A large section of Battersea Fields, also known as Pig
Hill, near the Thames was acquired in 1872 by the Artizans, Labourers &General Dwellings Company for the realisation of their first socially mixed
housing estate. The estate occupies a flat area of land at the edge of the
flood plain just north of the slope rising to Clapham Common. Historically the
poorly drained common land of Battersea Fields was used for pig herding. Two
large ditches cut across to drain the land into the River Effra and Falcon
Brook.
At the same time the housing co-operative was planning
their house-building activities, the social reformer and peer, the 7th Earl of
Shaftesbury was pushing legislation through parliament to improve the living
and employment conditions of working people and was sponsoring philanthropic
efforts to provide schooling for their children. Under Shaftesbury's
guardianship new so-called Ragged Schools were established providing free
education in 1844. In 1872 Lord Shaftesbury, as president of the Ragged School
Union, laid the foundation-stone of buildings at the estate, thus giving it it's
name.
The street plan and house designs were by the Dwellings
Company's architect and surveyor, Robert Austin, formerly a carpenter with the
company. However, financial difficulties, caused by poor accounting, led to
replacement of the directors of the company and a change of approach during the
construction of the estate. The initial idea was to build small housing
projects for sale, the profits of which would be invested in larger estates of
affordable rented housing. Rents and lease prices were raised, excluding many
lower paid workers who were originally intended to benefit, and the planned
area of open space - Brassey Square in the centre of the estate- was built
over. Greenery was thus limited to the small back garden and the small fruit
trees lining the streets.
The estate is located behind Lavender Hill (L). The streets are laid out
on a grid pattern of long parallel streets with shorter cross streets. At the
centre a large public garden (green outline) was planned on Brassey Square (B),
but this was built over. It is here that we find the primary school (PS), a
large former hostel (H), a block of flats (F) and a block of shops with
apartments (S). A former Victorian secondary school (SS) is located just
outside the estate.
The estate was built between 1873 and 1877 along a
grid of wide tree-lined streets and comprises about 1.200 two-storey houses
with gardens. The houses of the Shaftesbury Park Estate are of four basic types
or classes distinguished by the number of rooms.
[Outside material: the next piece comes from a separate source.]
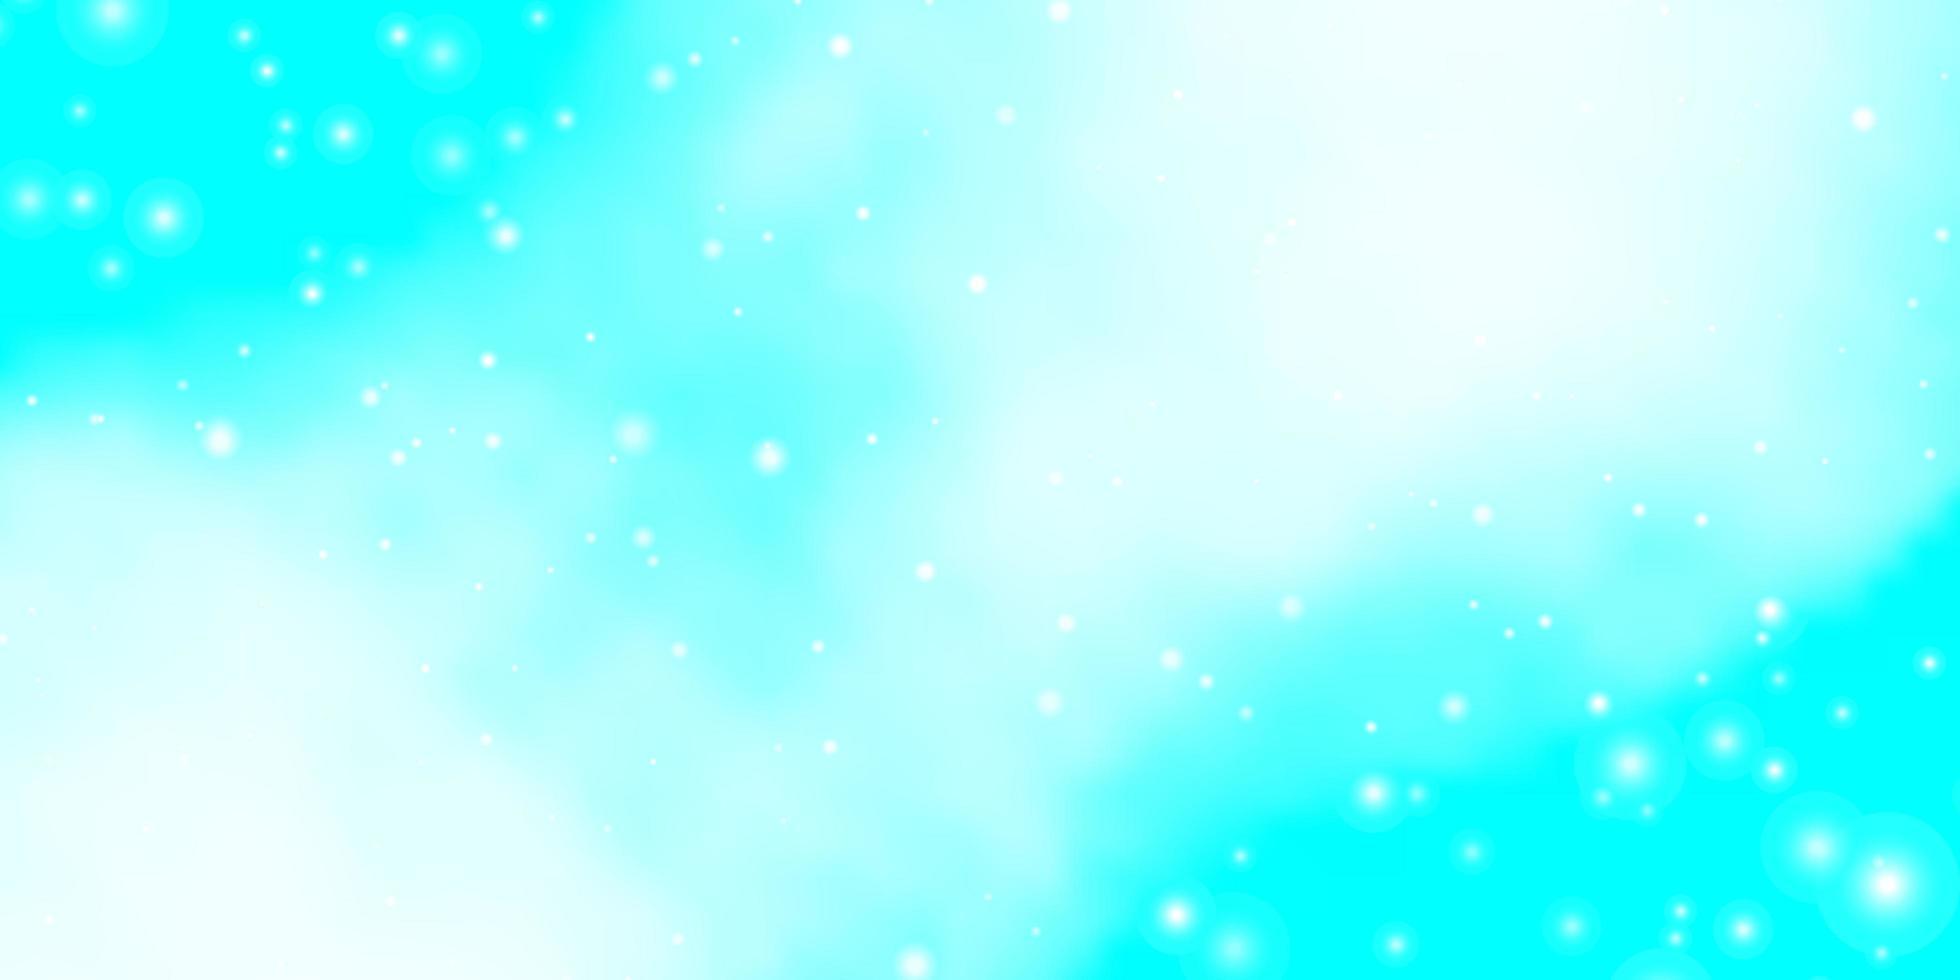 fondo azul claro con estrellas. vector

Only the highest class
originally had bathrooms. The street elevations are varied slightly to avoid
monotony, creating generally attractive street frontages in a gothic revival
style so typical of the Victorian Era.
The buildings are consistently of stock brick with red
brick dressings and pitched slate roofs, which with the common architectural
style, gives the estate a strong sense of identity and distinctiveness. The
grid layout, with streets of varying lengths but always straight (except
Eversleigh Road, which is aligned with the railway embankment), allows for easy
movement throughout the estate. There is a sense of formality in the townscape
arising from the grid layout and the repetition in the building frontages.
At present the Peabody Trust owns most of the estate,
but many homes are already privately owned, and the number keeps rising as the
Trust gradually releases more units for sale.